The assignment is intended to be very challenging and push your programming
skills significantly further than Grok, as well as testing your algorithmic
thinking. However, it is also intended to be fun, and a very close analogue to
a real world task. The first time I coded the full version of the attack for
the research paper took me a long time! You can anticipate that this
assignment might also take quite a while, but the payoff will be in your new
skills and learning.
THE FOLLOWING IS FOR INFORMATIONAL PURPOSES, YOU DO NOT HAVE TO READ THE
RESEARCH PAPER:
The inspiration for this assignment is the research paper “Practical state
recovery attacks against legacy RNG implementations” by Shaanan N. Cohney,
Matthew D. Green, and Nadia Heninger, with more details at duhkattack.com.
Read all the instructions carefully and make sure you understand what is
expected of you
Full Story (just for fun)
Watch the video here and read the accompanying description!
The (Short) Story
You have intercepted an encrypted message, and know some details about how it
was generated. The message was produced by taking the xor of the original
message with some key k1 .
This key, k1 , was produced using a pseudorandom number generator at times T11
to T19 .
However, while you know all the times at which the generator was ever used (T0
to T19 ), you only have access to outputs from T9 and T10 (O9 and O10 ).

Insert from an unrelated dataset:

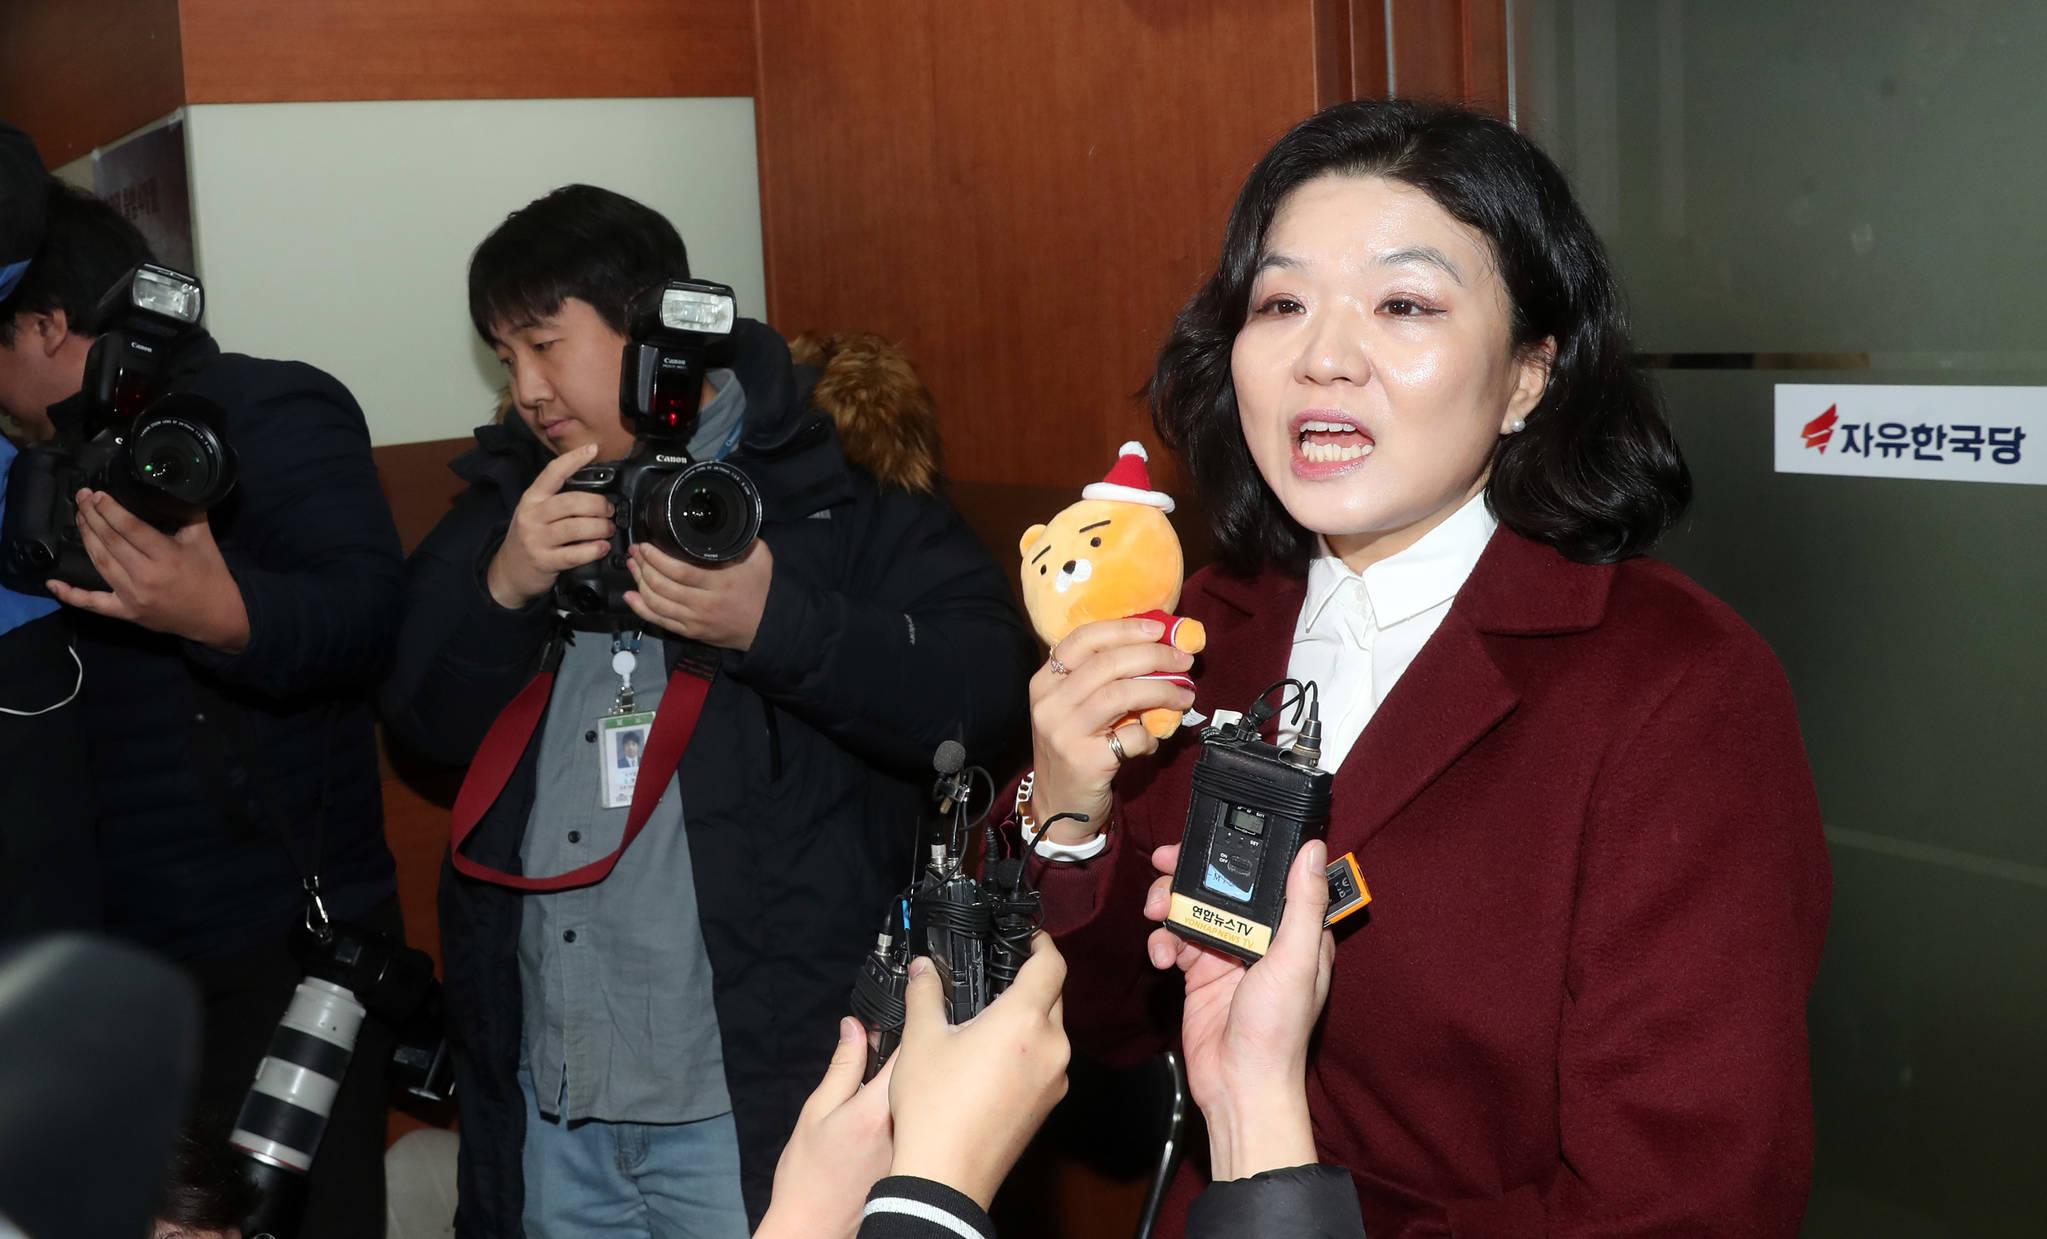 류여해 자유한국당 최고위원이 22일 서울 여의도 ??고위원회에 입장하려다 홍문표 사무총장이 제지하고 있다. 강정현 기자

You reverse engineered the generator and found it used a second key, k2 .
Your goal is to reconstruct k1 , and use it to decrypt the original message.
Background Material
The following additional material provides context for the assignment itself.
You can also watch the videos uploaded to the LMS for a walkthrough of the
assignment and the background material.
Generating Random Numbers
Computers don’t know how to be truly random. While one can purchase a device
to measure very unpredictable phenomena (like radioactive decays) and convert
them into random numbers, most computers have no such hardware. Instead,
computers rely on algorithms that produce random looking output that is very
hard for an outsider to distinguish from output that is truly random. How
hard? We say that no algorithm that runs in polynomial time (Big O of any
polynomial) should be able to tell if the output is truly random or not with
anymore than an minute probability. We call these pseudorandom number
generators.
Importantly, the sequence of random numbers should also not be guessable. If
you see prior output from the algorithm, they should be so “random” that you
can’t guess what will come next. This is important because we typically use a
random generator to make random keys for encryption.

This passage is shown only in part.